Initial global distributions for NLDAS (red) and Notaro (black)

image
jordansread commented 2 years ago

Here is an updated distribution with the more resolved bins I am using to get better intersections on where the Notaro cuts need to be, as well as filtering the dates to only those between '1981-01-01' and '2000-12-31', inclusive:

image

Note the large number of zeros

jordansread commented 2 years ago

Here is the calculated offsets for the Notaro dataset so that it aligns better with the distribution of NLDAS wind

image

This is based on bin cuts like this:

image

So we'd use low_bound with the cut() function, group_by those cut bins, and apply the offset.

hcorson-dosch-usgs commented 2 years ago

Wow those offsets are tricky to conceptualize visually. The method you laid out makes sense, but I don't think I'm tracking why the offset peaks at ~10 m/s windspeed. Does the steady increase in the offset up to that peak result from a need to flatten the peak of the GCM distribution? I suppose what's not captured in that figure is a sense of how many values fall within each cut bin.

edited to add whoops, that sent before I was done. I was also wondering - am I correct that the offset value is applied to each existing GCM value within each cut bin? e.g. a GCM value of 0.5 becomes 1.55 and a GCM value of 0.55 becomes 1.6? Or do all values within a given cut bin simply get reassigned to that new_val in your tibble, e.g., a GCM value of 0.5 becomes 1.05, and a GCM value of 0.55 becomes 1.05. From the upper plot, I think it's the former, where Notaro offset = new_val - low_bound, but I just wanted to make sure I'm understanding the transformation correctly.

This is what I'm imagining in my head: image

jordansread commented 2 years ago

do all values within a given cut bin simply get reassigned to that new_val in your tibble, e.g., a GCM value of 0.5 becomes 1.05, and a GCM value of 0.55 becomes 1.05

This is the correct interpretation of what was done. Anything within the bin gets new_val regardless of where along the bin it falls. This is due to discretizing the approach (binning vs solving for a continuous transform function).
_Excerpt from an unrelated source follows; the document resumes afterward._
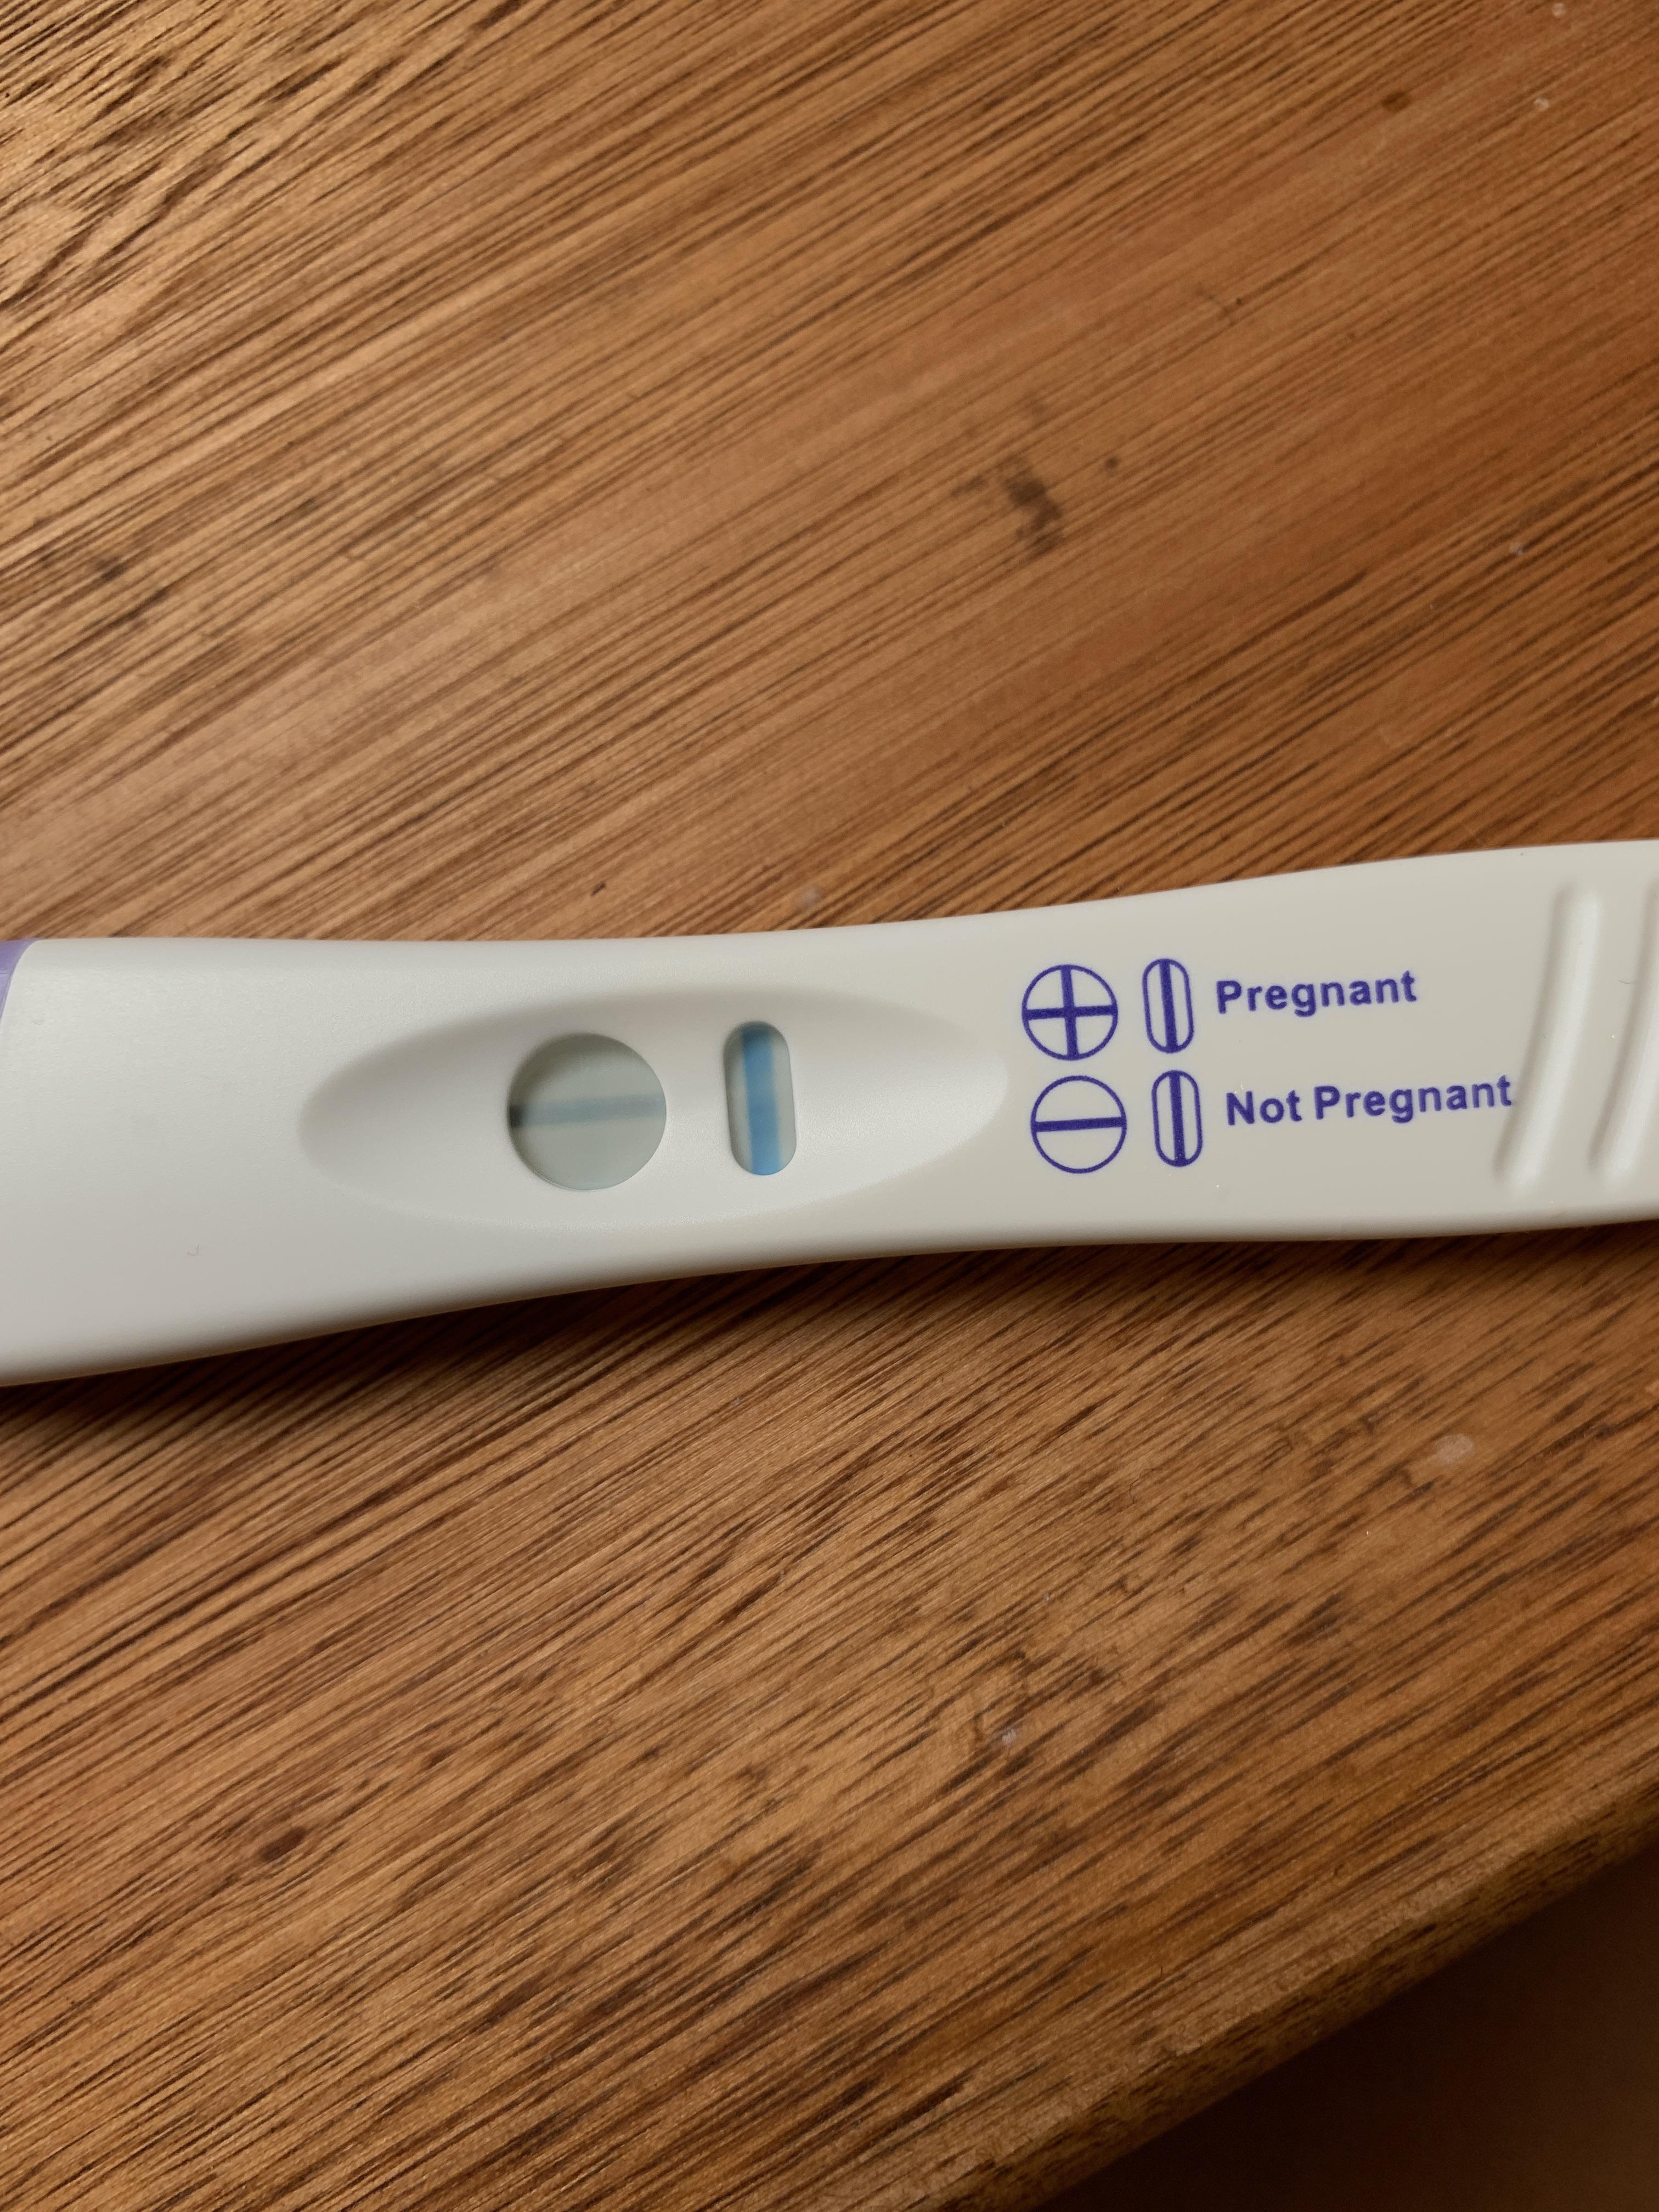 Cvs Pregnancy Test Faint Line : pregnancy, faint, Early, Response., Faint, Line??, TFABLinePorn
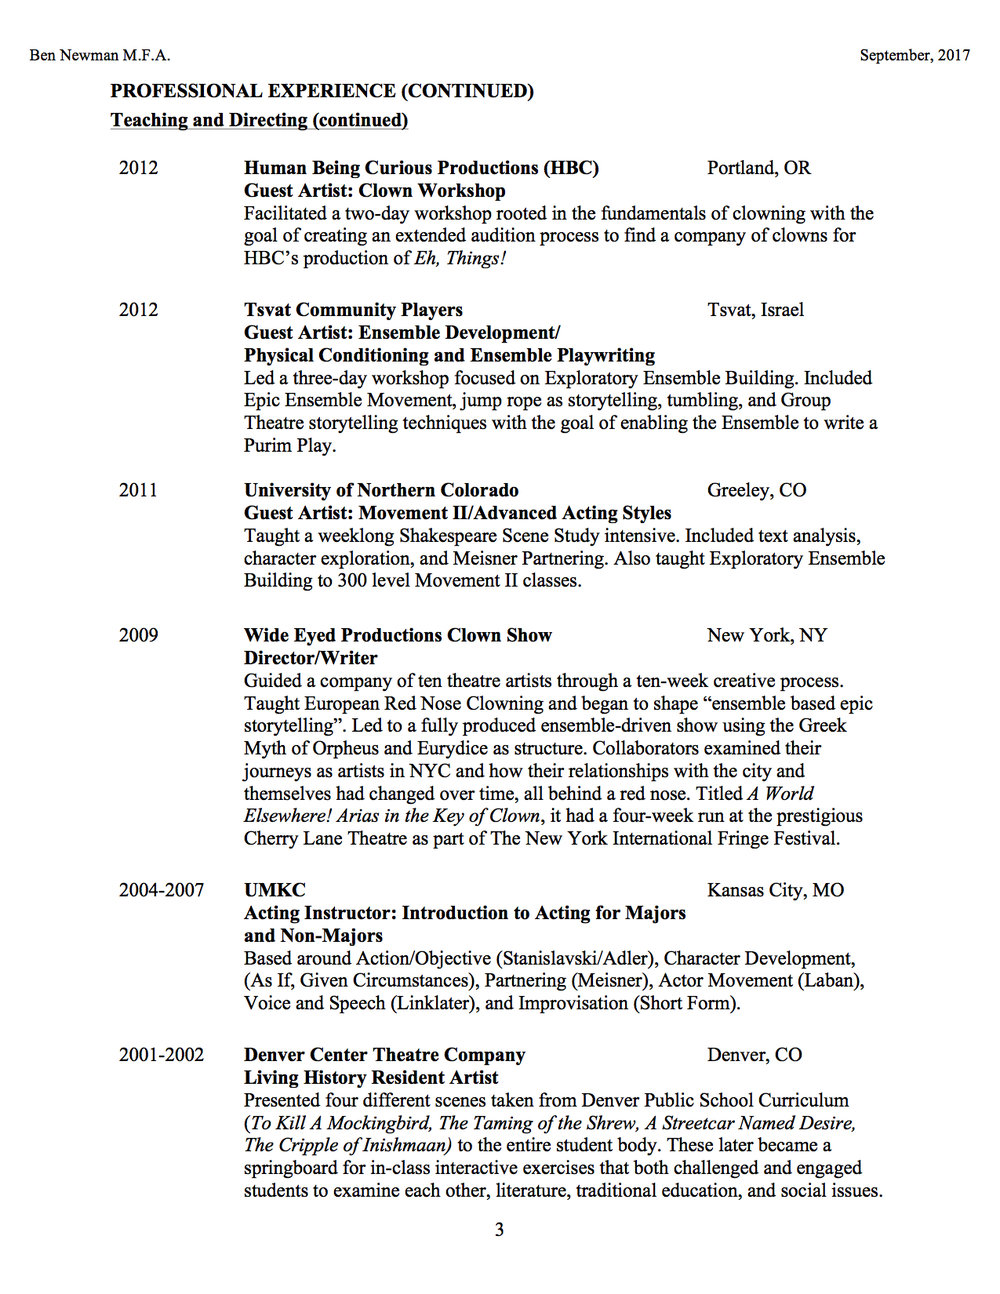 Curriculum Vitae3.jpg

As for the 10 m/s question, my interpretation of that is that ~11.5 m/s observations are very rare in the GCM data and somewhat more common in the NLDAS dataset. In order to increase the frequency of 11.5 m/2 windspeeds in the GCM data to match NLDAS, the largest shift needed to be applied to GCM values around 10 m/s.

I have an update now with this shift applied to the entire GCM dataset, and then binning it to the same bins as NLDAS for a distribution (I assume the bumps are an artifact of the discretization):

image

and the cumulative distribution is identical to the eye (at least for me):

image
hcorson-dosch-usgs commented 2 years ago

Ah, thank you for clarifying. That makes sense now. The new distribution looks good!

jordansread commented 2 years ago

@lindsayplatt a heads up on the methods here. I used the GCM files on Caldera, but am 99.999% sure they had a 1.5 m/s offset applied to them. So I subtracted that from all files before doing this distribution work. If someone is applying these offsets directly to those data without first removing the 1.5 m/s offsets, things aren't going to work out. And if that offset wasn't exactly 1.5, then I'd want to repeat this.

Here is how I applied the offset to an individual file. Offset is in the notaro_transform data.frame and I took a screenshot of what that looks like above. bin_max is 100 here and just meant to be way beyond the maximum expected value.

DT_wind <- data.table::fread(filepath)[time %between% date_range]
# note that we're SUBTRACTING THE OFFSET HERE!!!
DT_wind[, WindSpeed :=  WindSpeed - 1.5]

# this creates a factor that we can group by and apply the offset:
DT_wind[, bin_id := cut(WindSpeed, breaks = c(notaro_transform$low_bound, bin_max), right = FALSE)]
merged_offset_wind <- merge(DT_wind, DT_offsets, by = 'bin_id', all.x = TRUE)
merged_offset_wind[, WindSpeed := new_val]
merged_offset_wind[, c("low_bound", "new_val", "bin_id") := NULL]
lindsayplatt commented 2 years ago

@jordansread I think it may depend on what you mean by GCM files on Caldera. The ones in lake-temperature-model-prep would not have the +1.5m/s offset because I added that in during the lake-temperature-process-models GCM munging step by adding mutate(WindSpeed = WindSpeed + 1.5) right below this line.

jordansread commented 2 years ago

Yes @lindsayplatt I used the .csv files on Caldera in lake-temperature-process-models for the Notaro GCM data but used the .csv files from lake-temperature-model-prep for NLDAS for this work.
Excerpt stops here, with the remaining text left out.